Here’s where things start to get interesting. Before, we mapped our inputs directly onto our outputs through a single linear transformation.

This model is perfectly adequate when the underlying relationship between our data points and labels is approximately linear. When our data points and targets are characterized by a more complex relationship, a linear model will produce results with insufficient accuracy. We can model a more general class of functions by incorporating one or more hidden layers.

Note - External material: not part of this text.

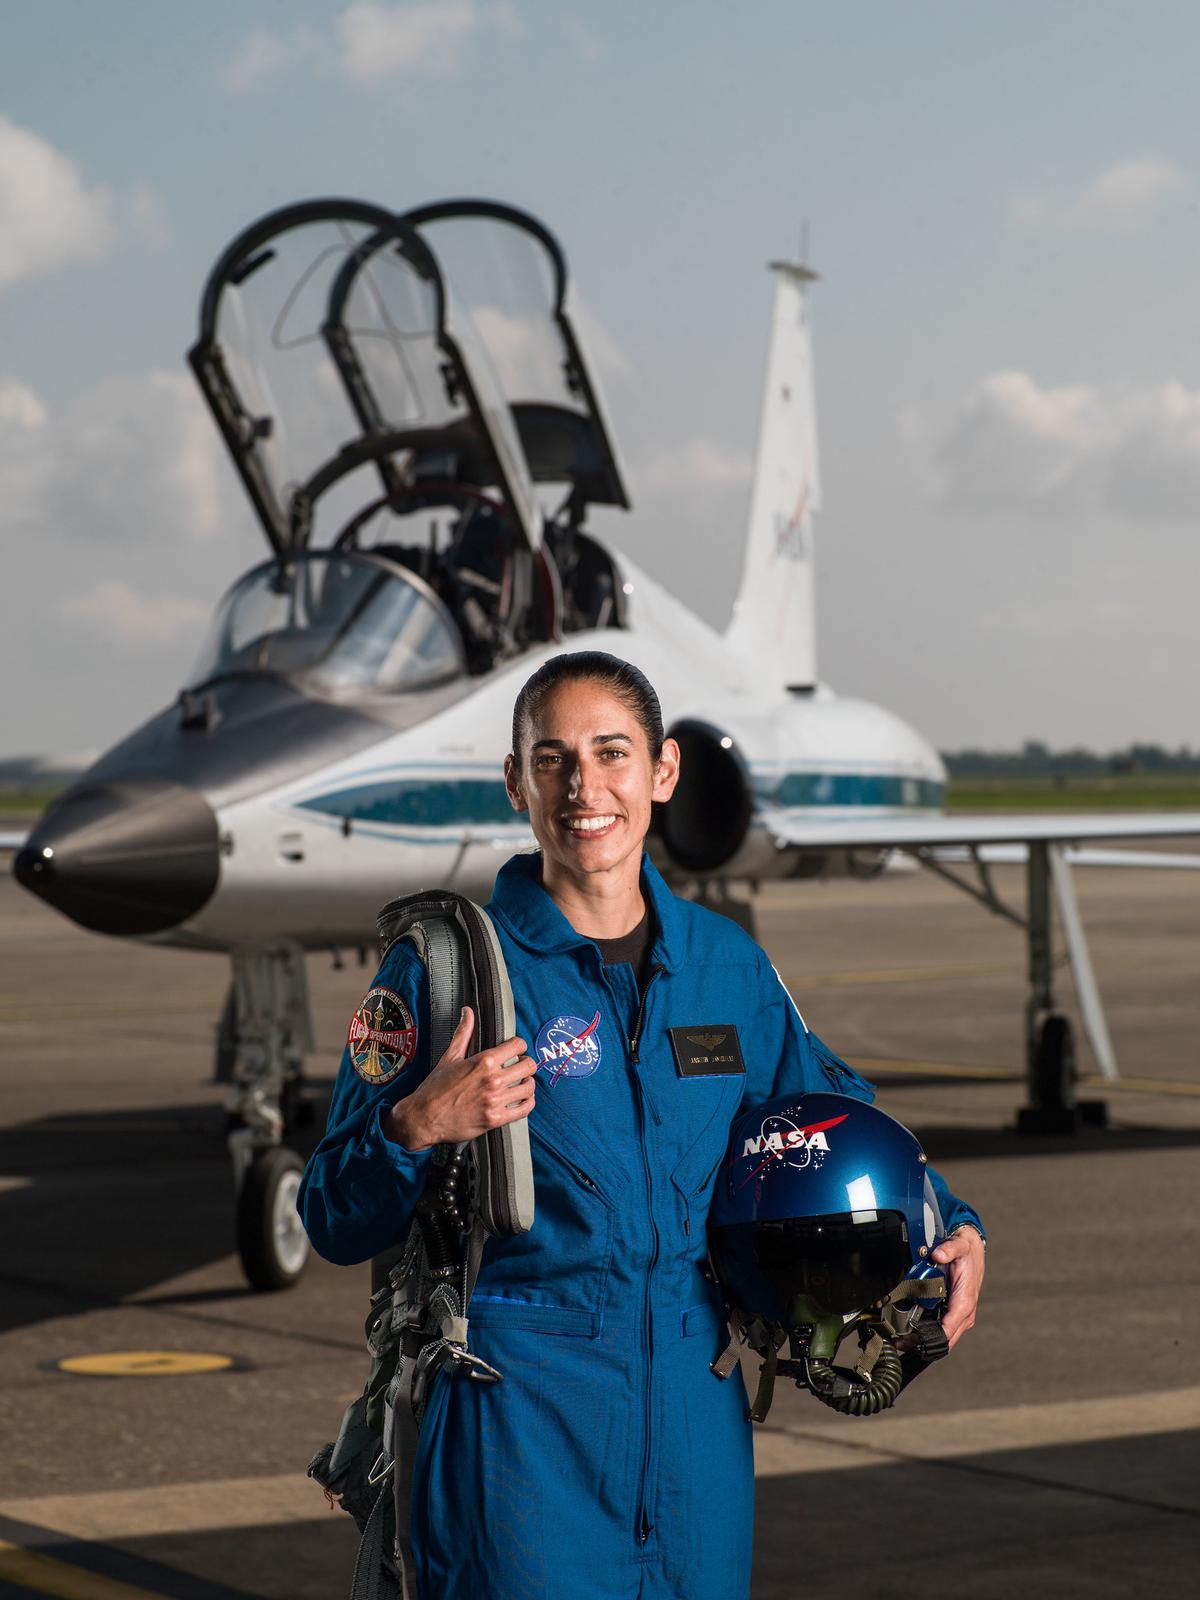 NASA astronaut candidate Jasmin Moghbeli pictured at Ellington Field Joint Reserve Base in Houston, Texas, on June 6, 2017 (©NASA | <a href="https://www.flickr.com/photos/nasa2explore/42959442420/in/album-72157698260056092/">Robert Markowitz</a>)
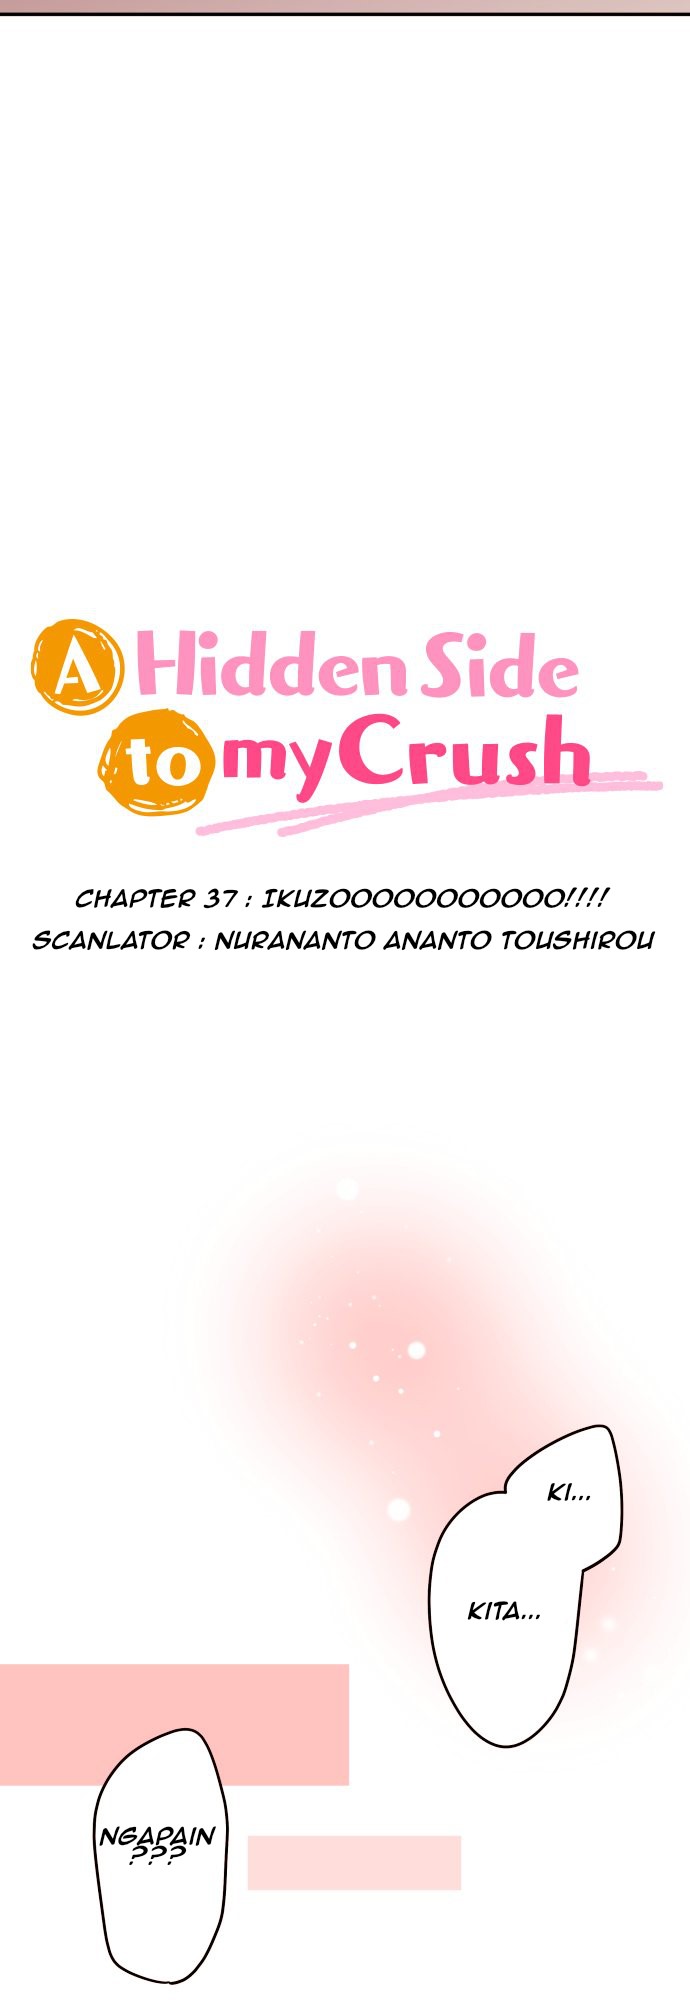 Waka-chan Is Flirty Again Chapter 37 3

Here, each layer will require it’s own set of parameters. To make things simple here, we’ll assume two hidden layers of computation.

In [3]:
#######################
#  Set some constants so it's easy to modify the network later
#######################
num_hidden = 256
weight_scale = .01

#######################
#  Allocate parameters for the first hidden layer
#######################
W1 = nd.random_normal(shape=(num_inputs, num_hidden), scale=weight_scale, ctx=ctx)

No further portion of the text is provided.